### ACTIVITY
Repeat the listing exactly, minus the pictures.

### RECORDED INFORMATION
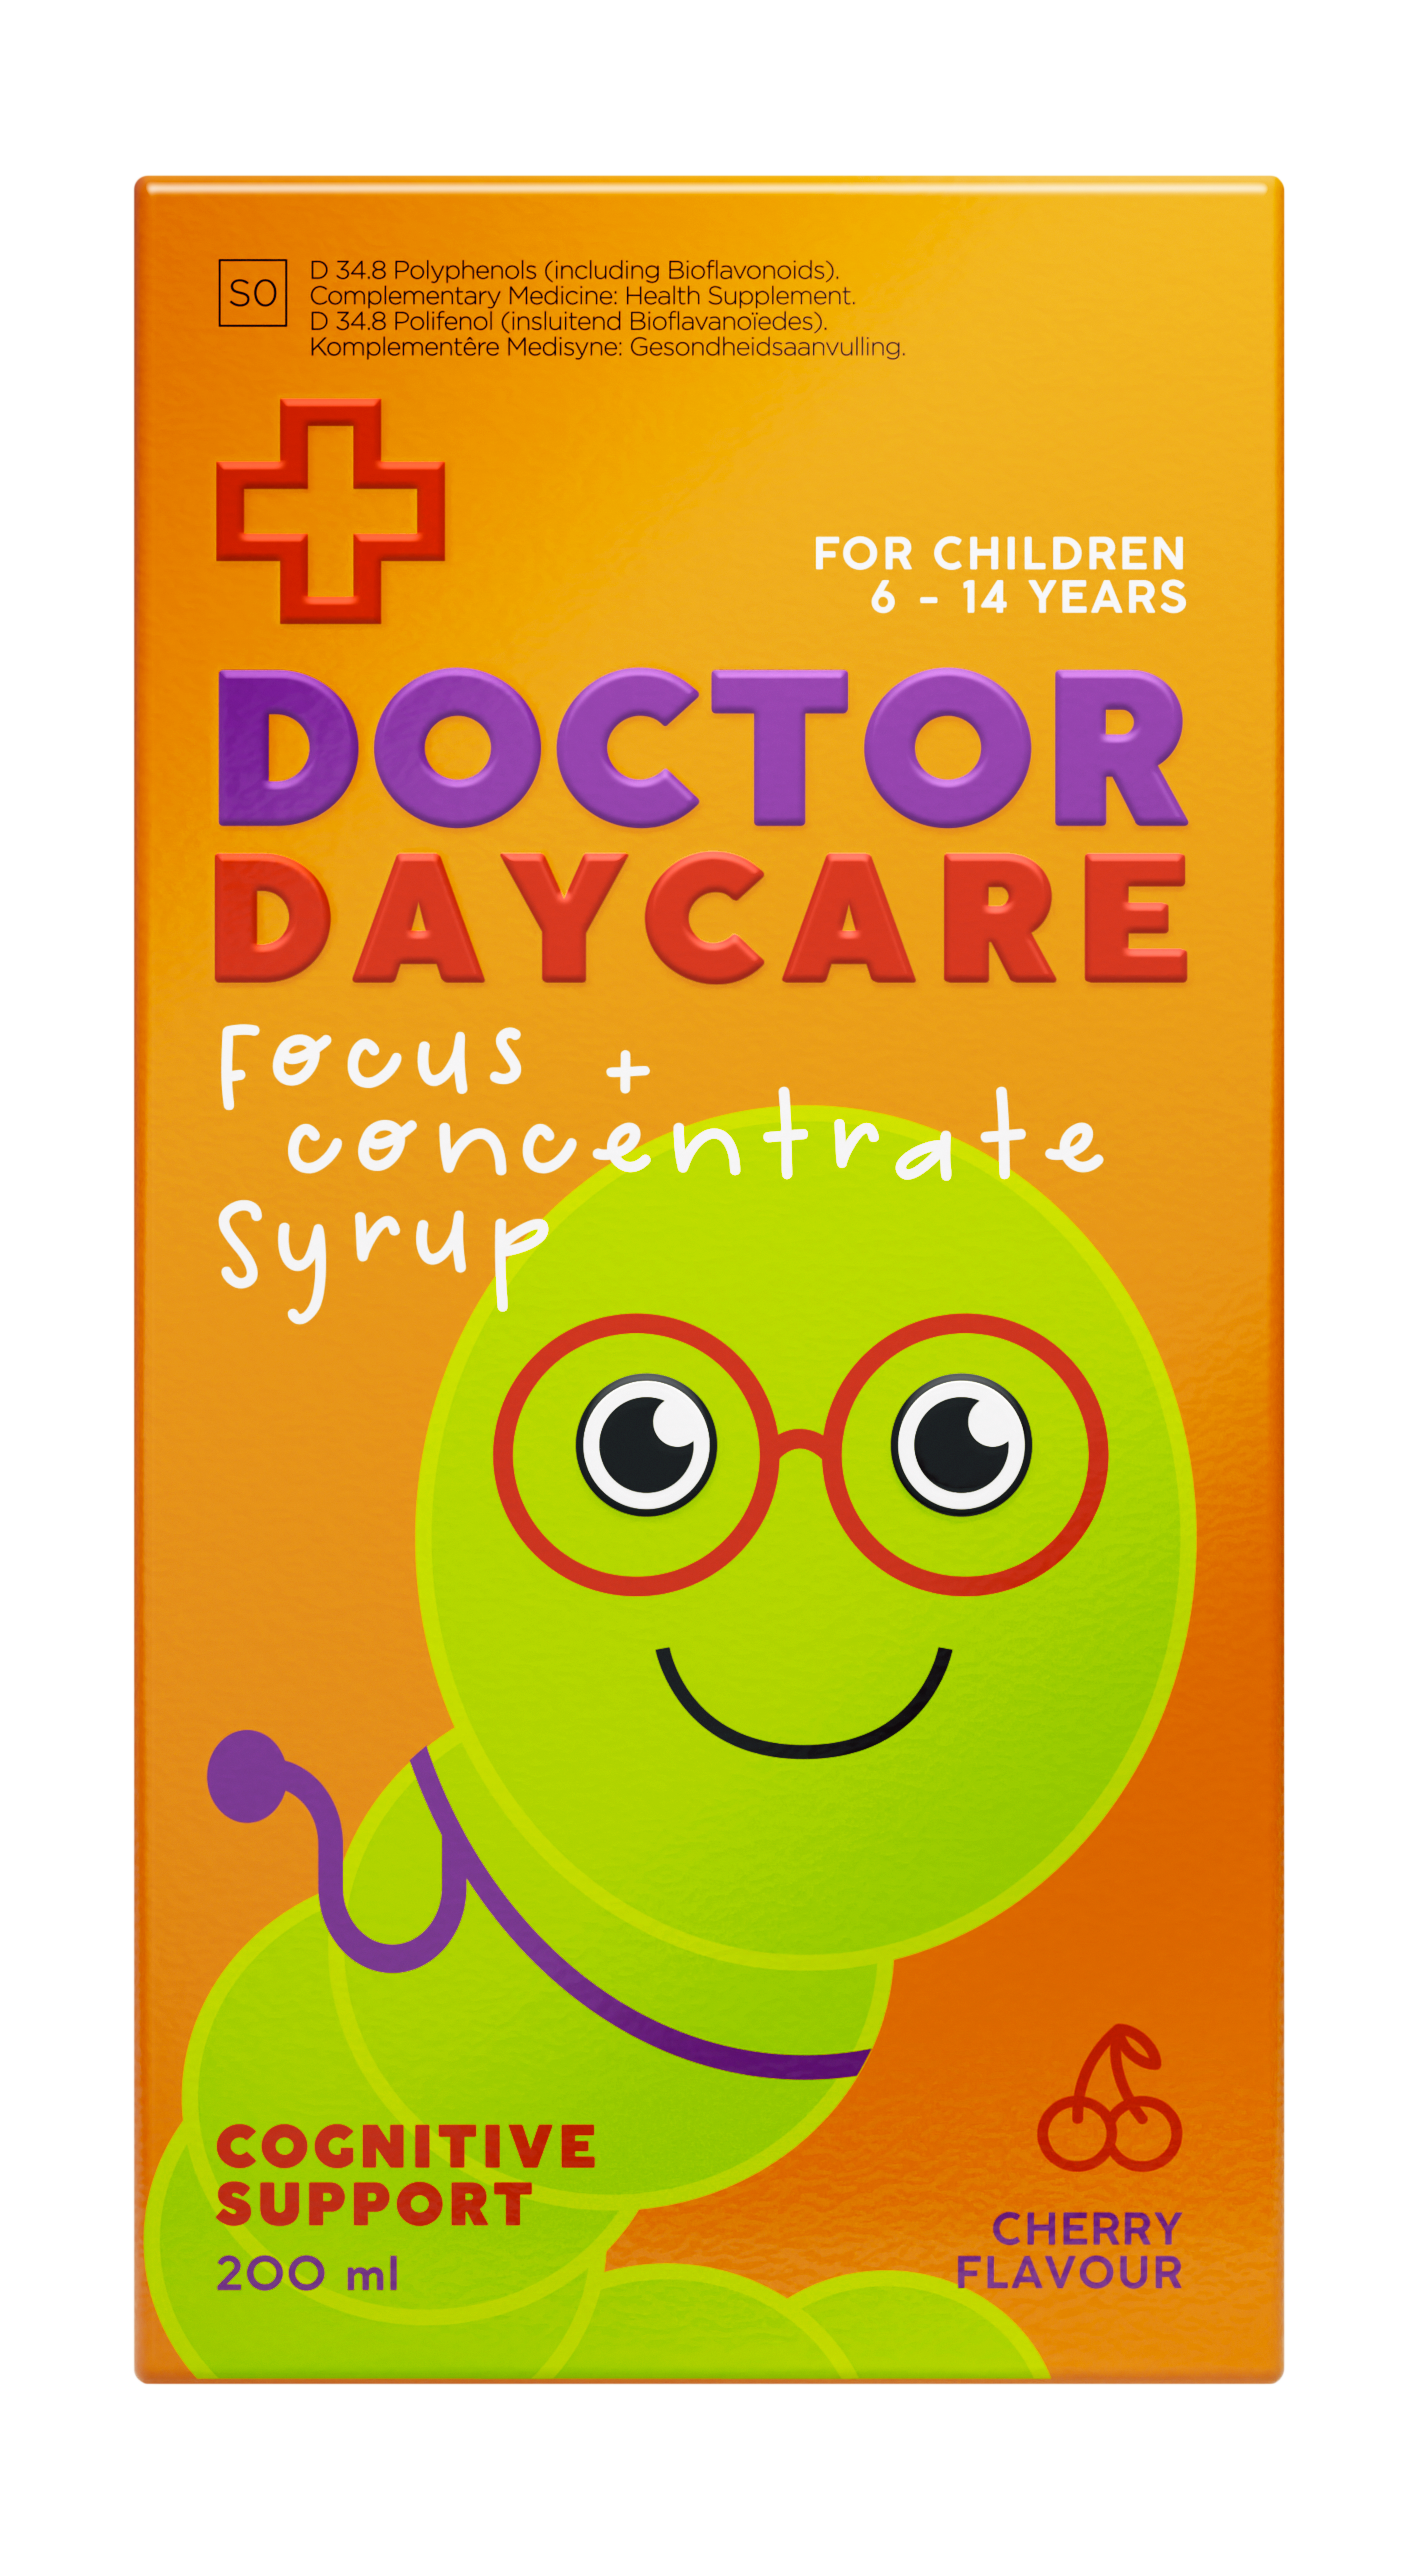 Dr Daycare Focus box.png
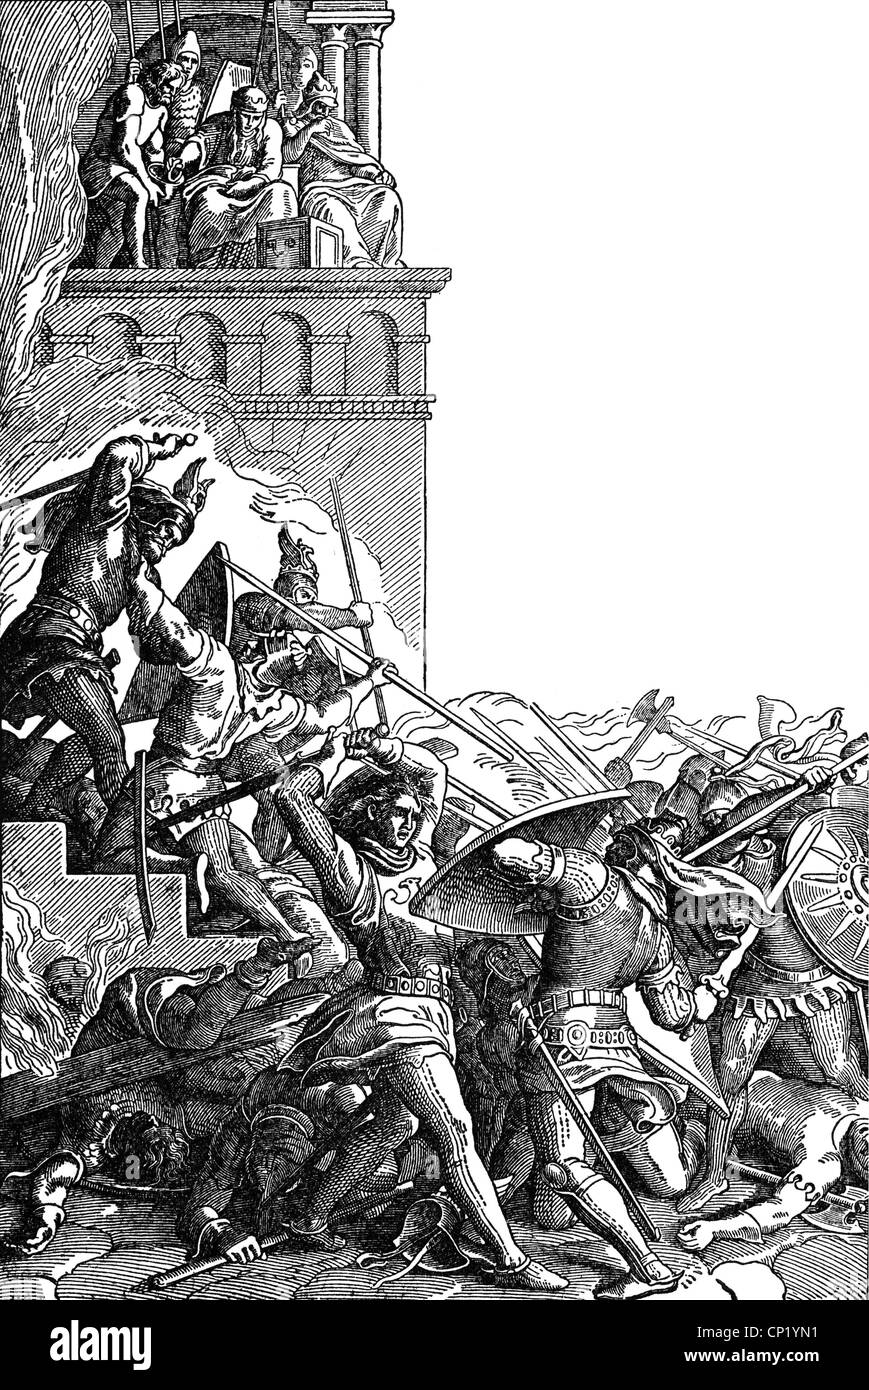 literature, mythologie, Nibelung legend, battle between Burgundians and Huns at the court of King Attila, wood engraving, 19th century, 'Deutsche Heldensagen' by Albert Richter and Guido Goerres, Leipzig, 1932, Additional-Rights-Clearences-Not Available Stock Photo
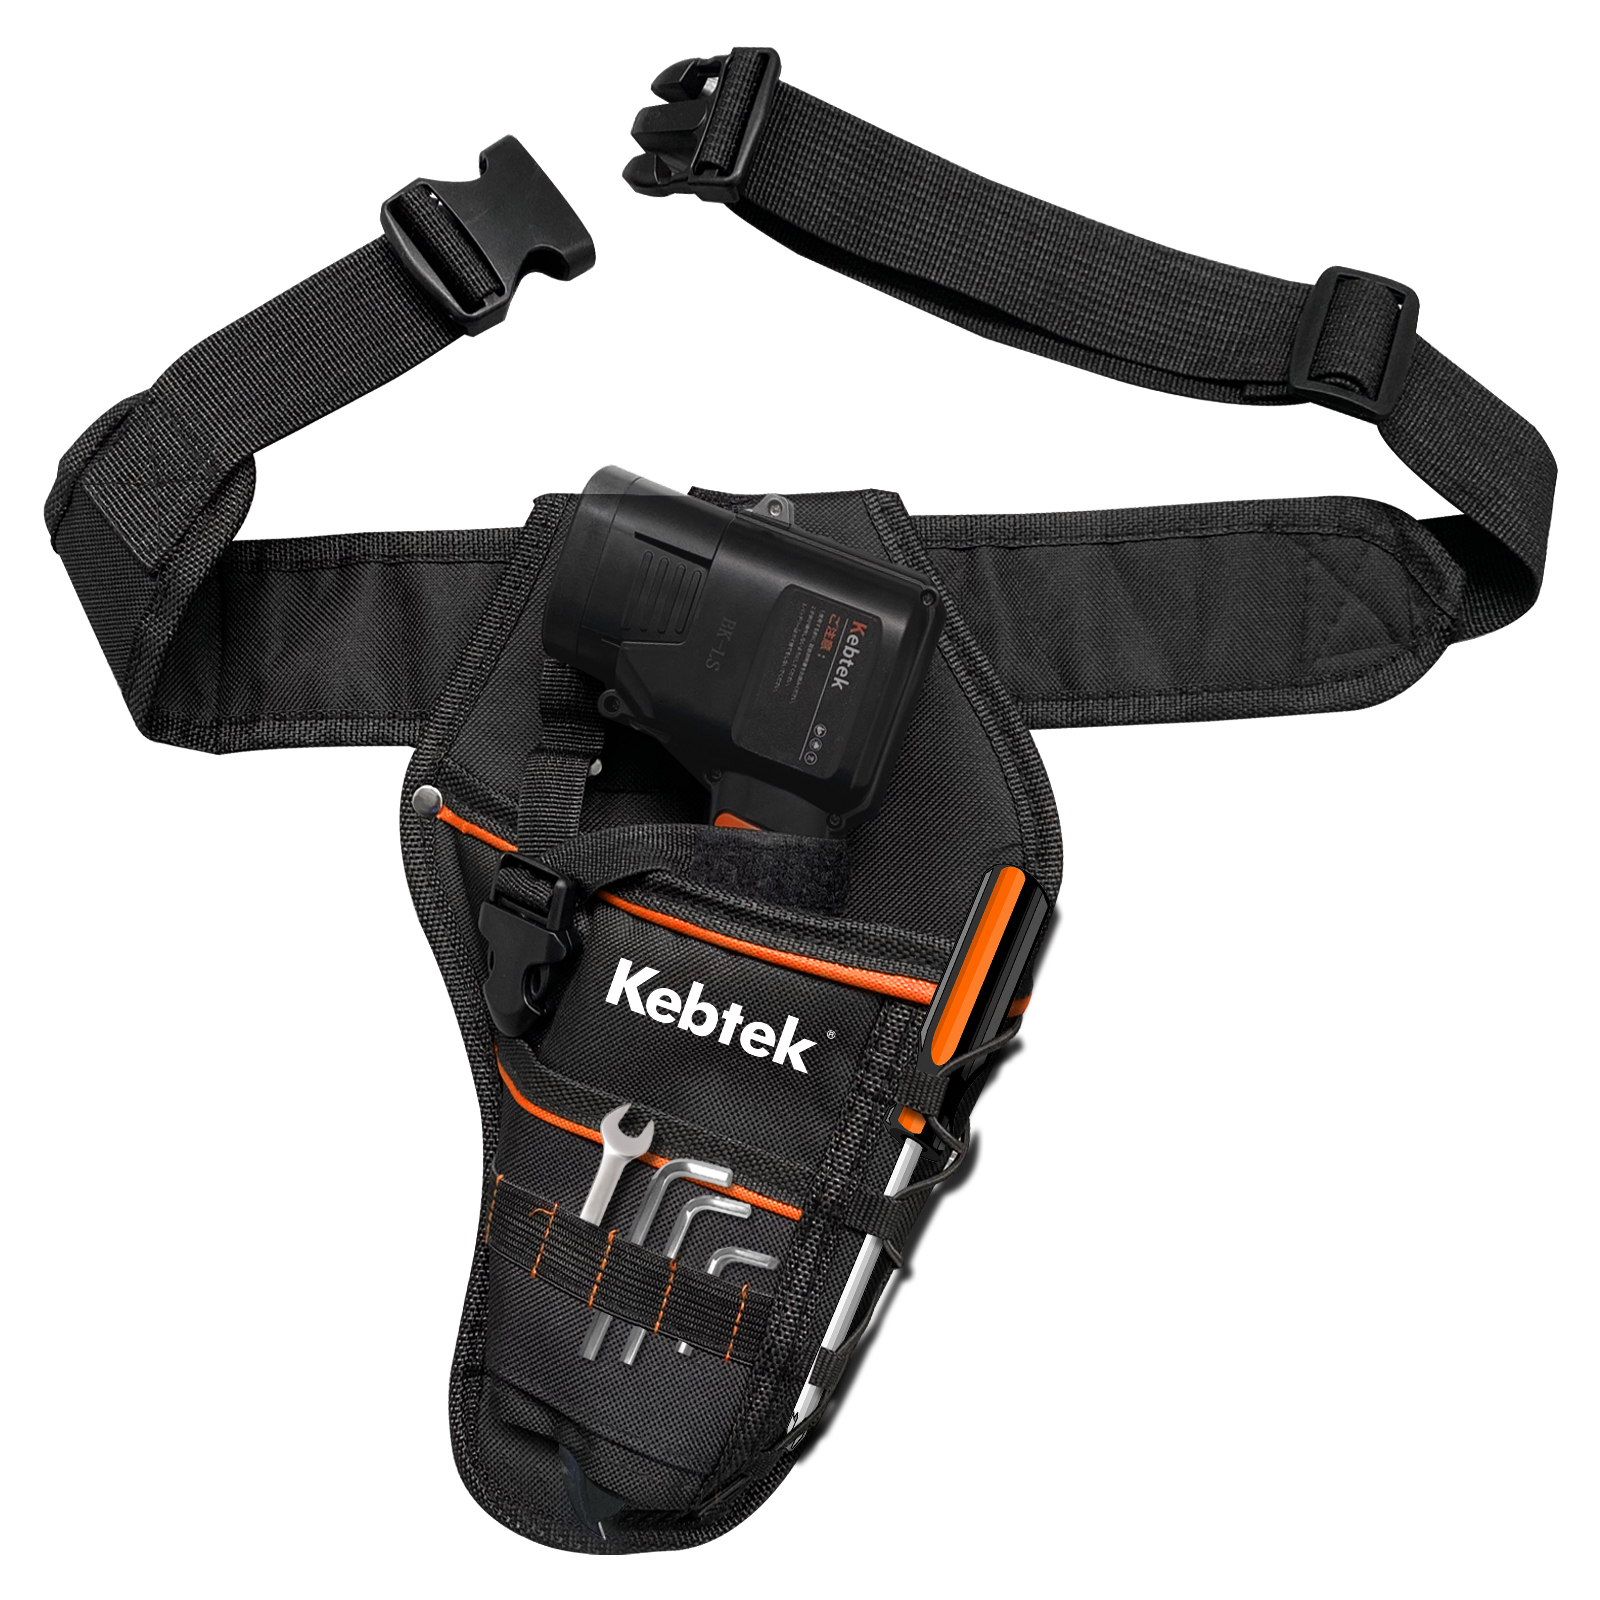 Kebtek Hand Pruner Hanging Pouch, Heavy Duty Construction Tool Belt for Electri Pruning Shear with Battery Pocket Tool Pouch - Adjusts from 33 Inches to 42 Inches (Black)

### YOUR RESPONSE
 Dr Daycare Focus box.png
 literature, mythologie, Nibelung legend, battle between Burgundians and Huns at the court of King Attila, wood engraving, 19th century, 'Deutsche Heldensagen' by Albert Richter and Guido Goerres, Leipzig, 1932, Additional-Rights-Clearences-Not Available Stock Photo
 Kebtek Hand Pruner Hanging Pouch, Heavy Duty Construction Tool Belt for Electri Pruning Shear with Battery Pocket Tool Pouch - Adjusts from 33 Inches to 42 Inches (Black)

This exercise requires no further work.